Les relations se sont apaisées avec le temps et les progrès techniques. L’Ina Atlantique s’est intégrée dans le PAB. Avec d’autres, Christine a même contribué à en élargir le périmètre. « Avec des structures comme la Cinémathèque de Bretagne, Daoulagad Breizh ou Comptoir du Doc, nous militions pour faire partie de Films en Bretagne. Nous avions la certitude que les archives et la diffusion étaient une composante à part entière de l’audiovisuel breton.

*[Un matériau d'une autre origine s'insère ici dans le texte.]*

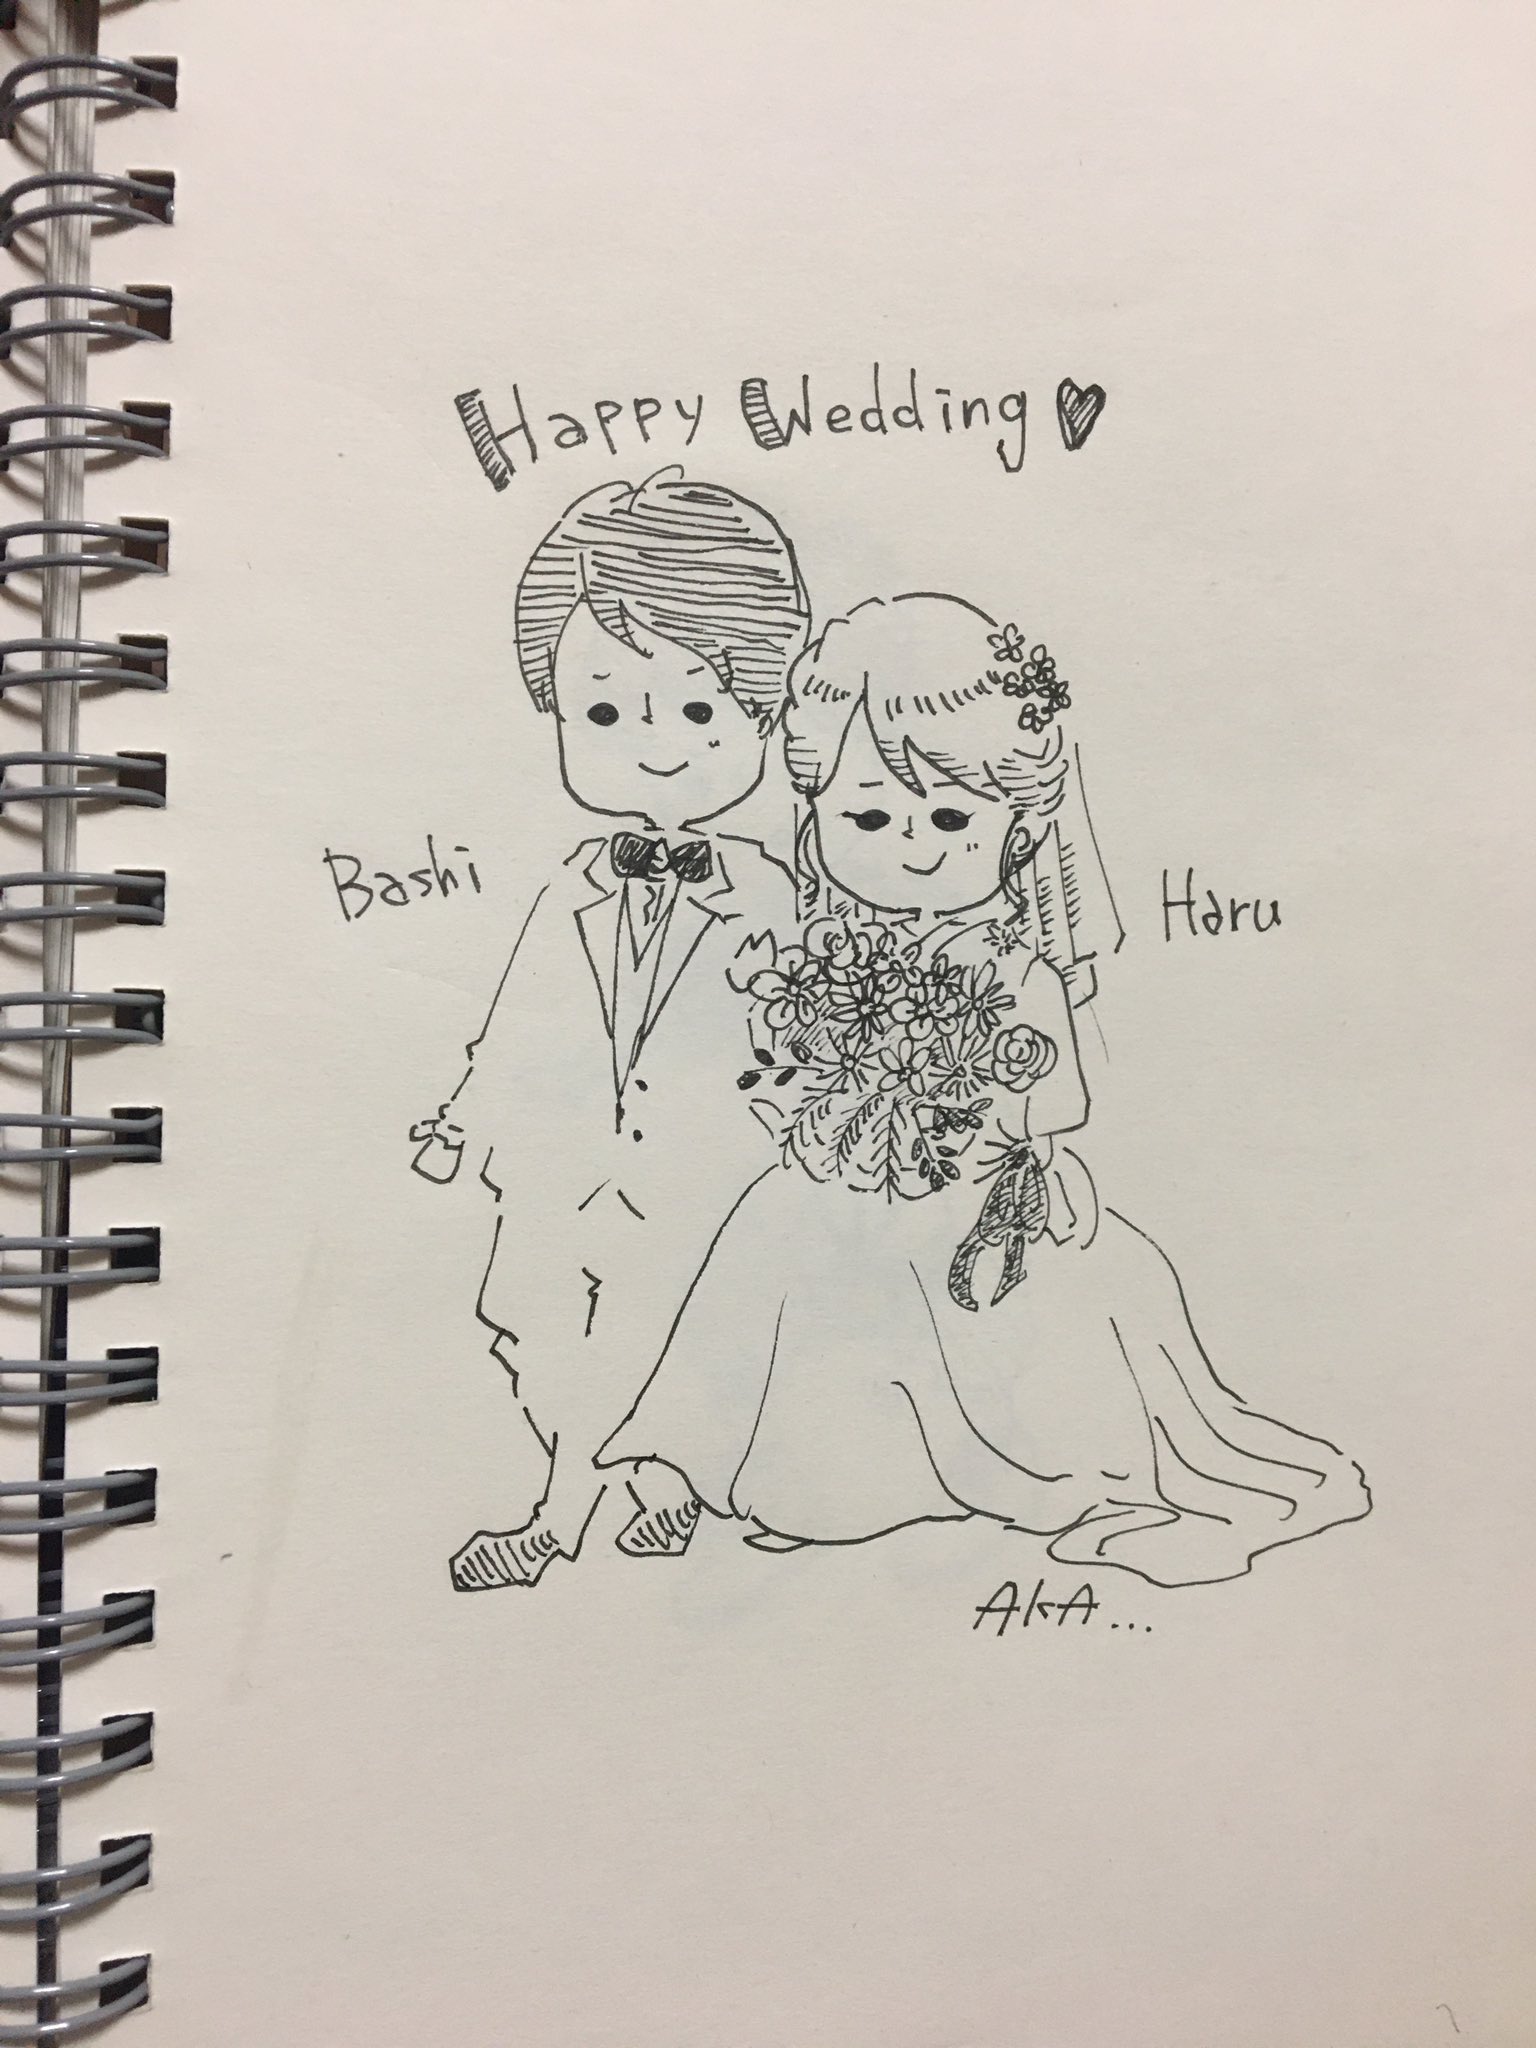 ট ইট র いとうあかり Akari Ito イラストレーター 漫画家 友人の結婚式 おめでとう ボールペンで一発がき 結婚式イラスト お絵かき イラストレーション 結婚式 Happywedding T Co Stbqhtuvl5 ট ইট র

Nous avons créé un groupe qui a préfiguré ce qui constitue aujourd’hui le collège 4. »
Christine est entrée au Conseil d’administration de Films en Bretagne en 2007. Elle se réjouit des évolutions de la structure. « C’était une sacrée gageure que la mayonnaise prenne. Réunir dans la même ambition des producteurs, des réalisateurs, des techniciens, des associations de diffusion, d’archives, de promotion, tous interdépendants, les uns étant en même temps les employeurs des autres, cela n’était pas gagné d’avance ! Mais on savait que si on ne parvenait pas à travailler ensemble, au vu des chambardements technologiques et économiques de ces dernières années, on était morts. »
Elle observe avec bonheur l’ouverture des Rencontres de Films en Bretagne (ex Doc’Ouest) à la fiction et les succès engrangés par le Groupe Ouest – « il faut multiplier et accompagner les démarches de ce type » -. Elle soutient qu’il faut encourager les initiatives entre régions françaises et européennes. Elle considère que les structures régionales souffrent de leur taille « trop petite » et, « sans aller jusqu’à l’intégration », devraient trouver « des regroupements sous des formes innovantes, – pourquoi pas en Scop ? -, pour se doter d’une base financière plus solide. Peut-être réfléchir aussi à une plate-forme régionale de crowdfunding : la richesse et la diversité des réseaux en Bretagne devraient réussir à drainer une multitude de minuscules ruisseaux de 10 €, de 20 €… pour faire quelques rivières ». La femme d’action n’a pas dit son dernier mot et dans les limites requises par la « jubilación » qui l’emmènera notamment chaque année pendant deux mois en Afrique du Sud où réside l’un de ses trois enfants, elle veut bien rester disponible au sein du PAB « pour donner des pistes de débats, ce qui ne veut pas dire que celles-ci ont une valeur pour le terrain tel qu’il se présente en cette fin 2015 ».
Nathalie Marcault
Les dessins de Schwartz ont été réalisés lors d’une émission de TV Rennes consacrée à Ina Atlantique.